Le dio su brazo, y se fue con ella hacia su habitación.
—Querida niña, no te aflijas demasiado –dijo Wolfgang–.
Padre puede sentirse mal, porque no está acostumbrado a la
soledad; pero no creo que exista motivo para sentirnos
seriamente preocupados; ya sabes cuán fácilmente cae en ese
estado triste de ánimo, cuando le falta su Rupa. ¡Estaba tan
sano y fresco hasta ahora! Ciertamente, no tenemos nada malo
que temer; pero hemos de hacer que se desvanezcan sus
preocupaciones. Si te parece bien, pondremos fin aquí a
nuestro viaje, y partiremos hacia nuestra patria. Yo aún te
habría llevado gustoso a Roma; pero vamos a renunciar a este
plan, y seguro que nuestro padre nos agradecerá esta renuncia.
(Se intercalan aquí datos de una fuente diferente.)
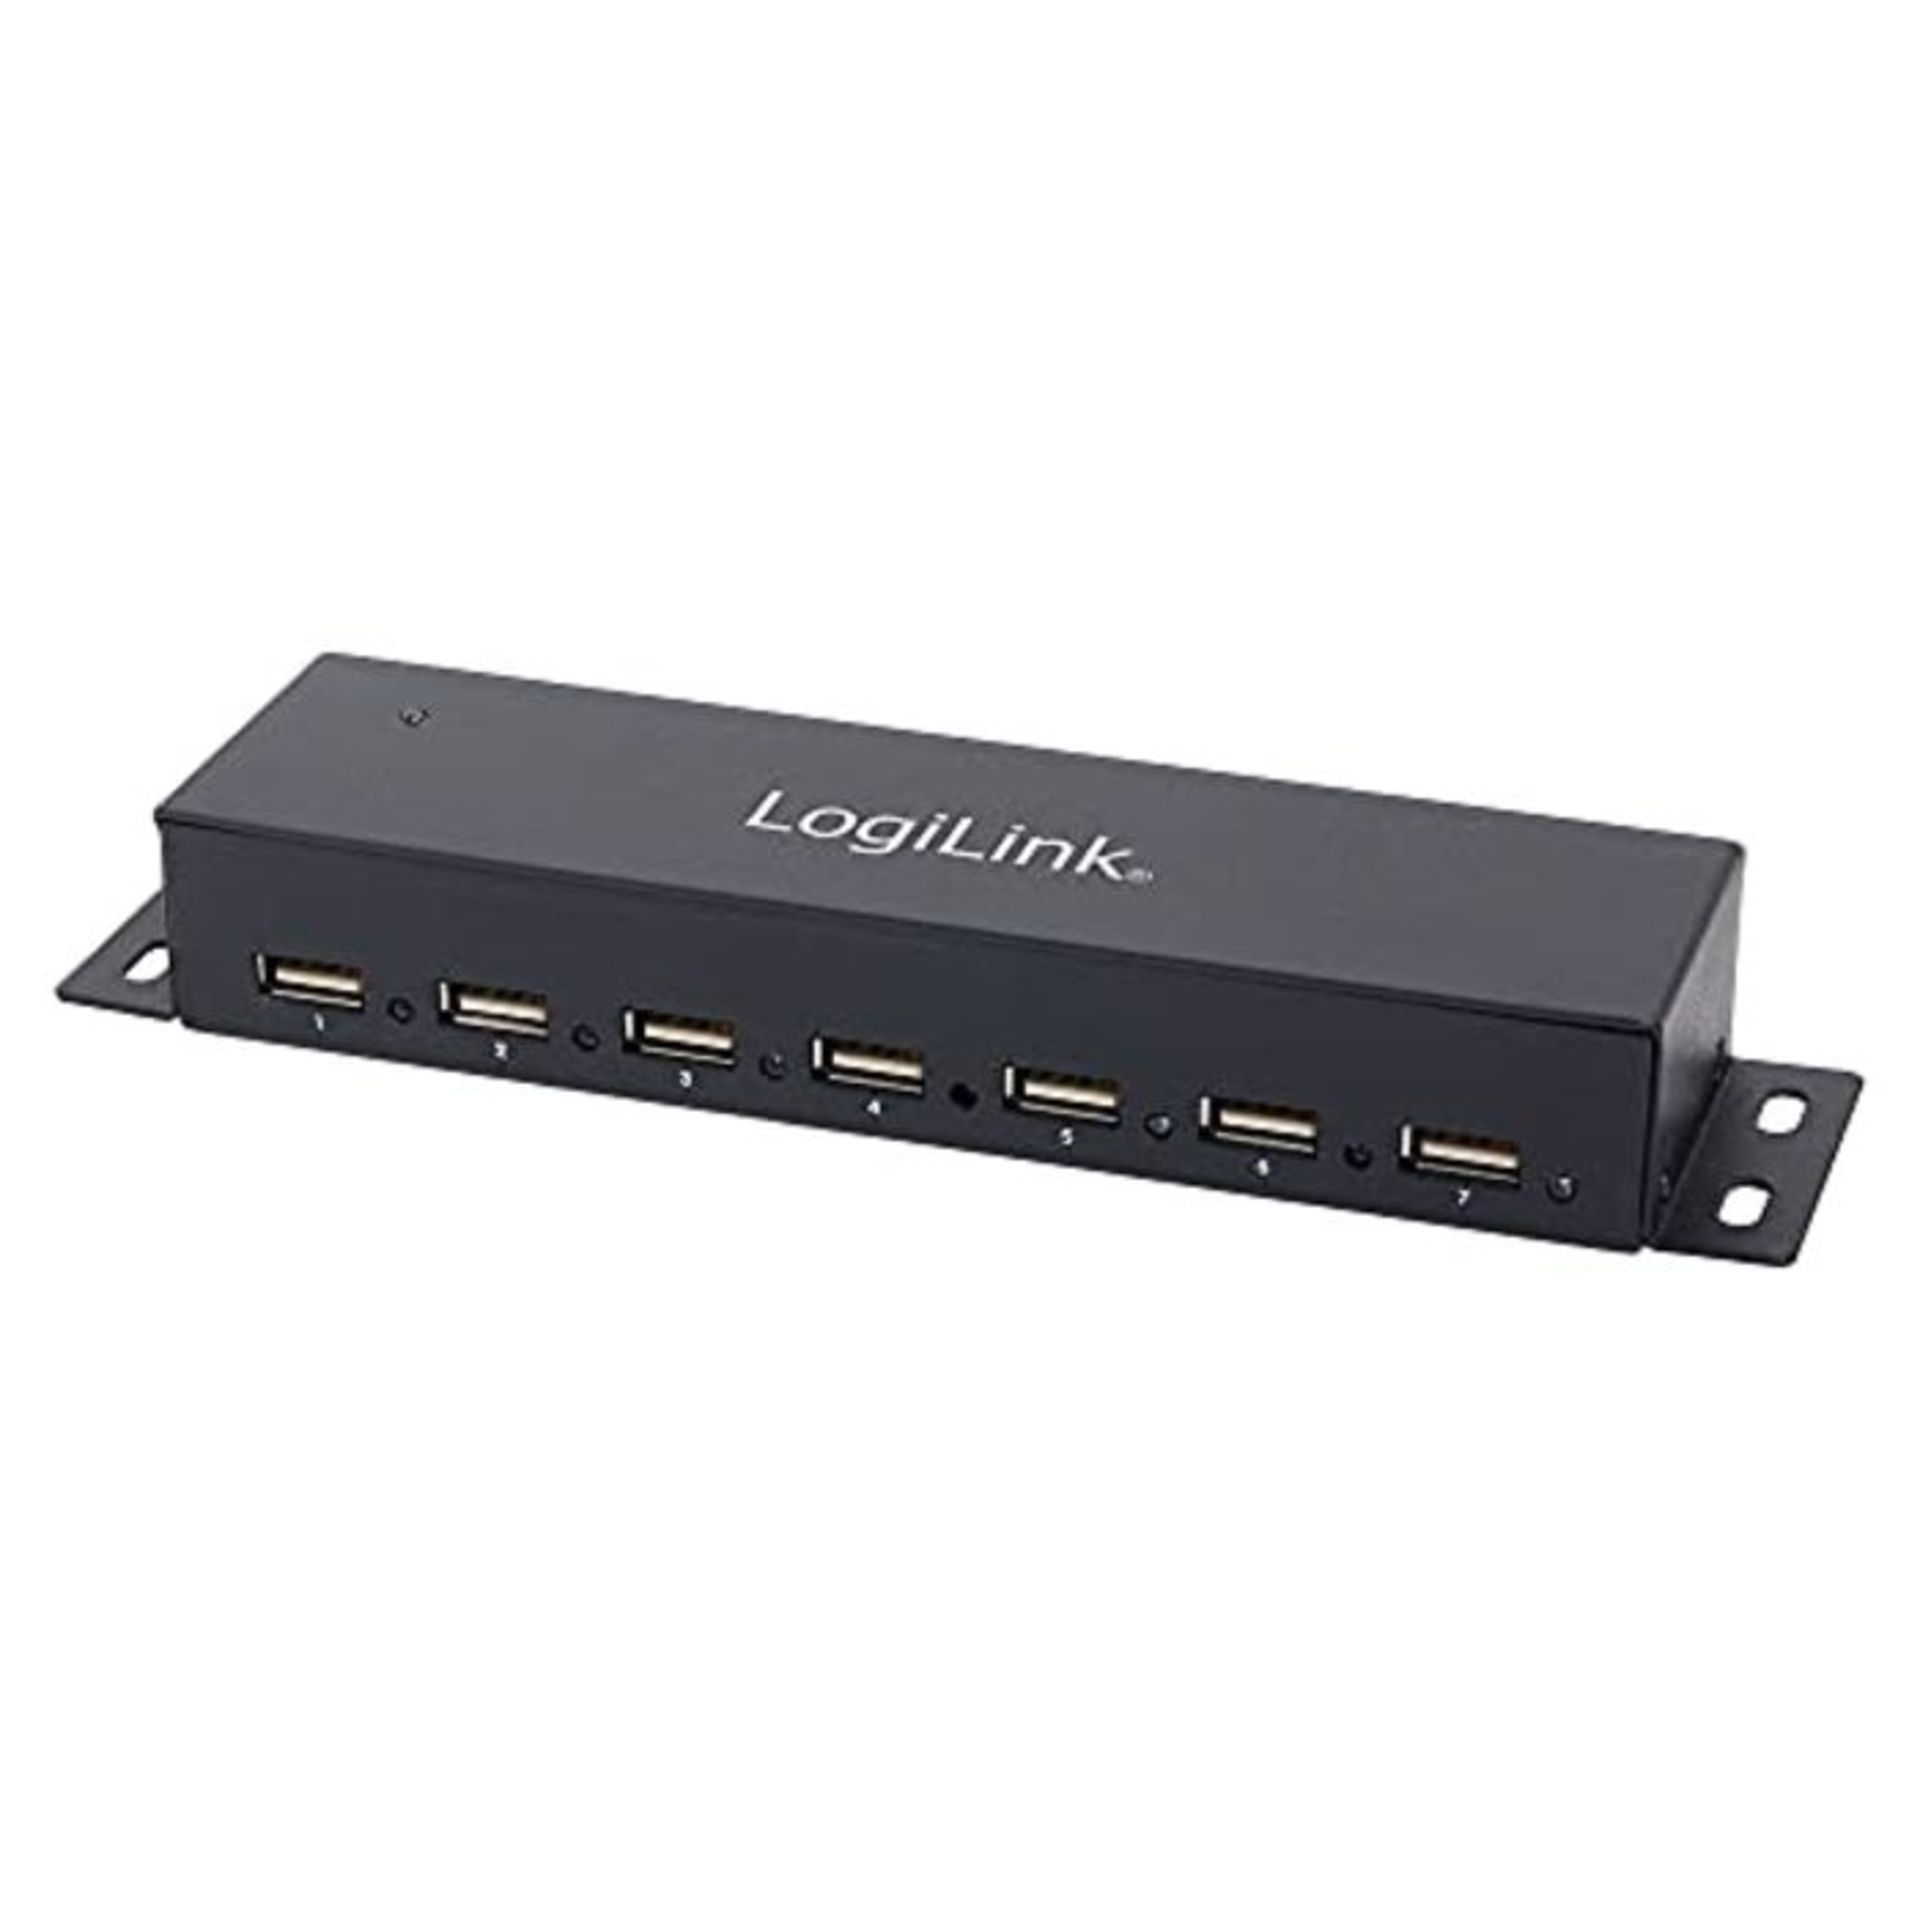 Logilink USB HUB 7-port metal LED meters. PSU

—¡Ah, eres el mejor y más excelente de los hombres –dijo
ella–; tú siempre me traes la serenidad y un doble consuelo. Sé
que te quito ahora alegría y placer; pero mi corazón añora ya la
patria, y deseo volver con mi padre. ¡Vámonos, pongámonos
en marcha lo más rápidamente posible!
—Disponlo todo, pues, Rupertine –respondió él–; yo, por
mi parte, me ocuparé del coche; aún podemos llegar a coger el
tren de esta tarde. ¡En dos días estaremos con tu padre!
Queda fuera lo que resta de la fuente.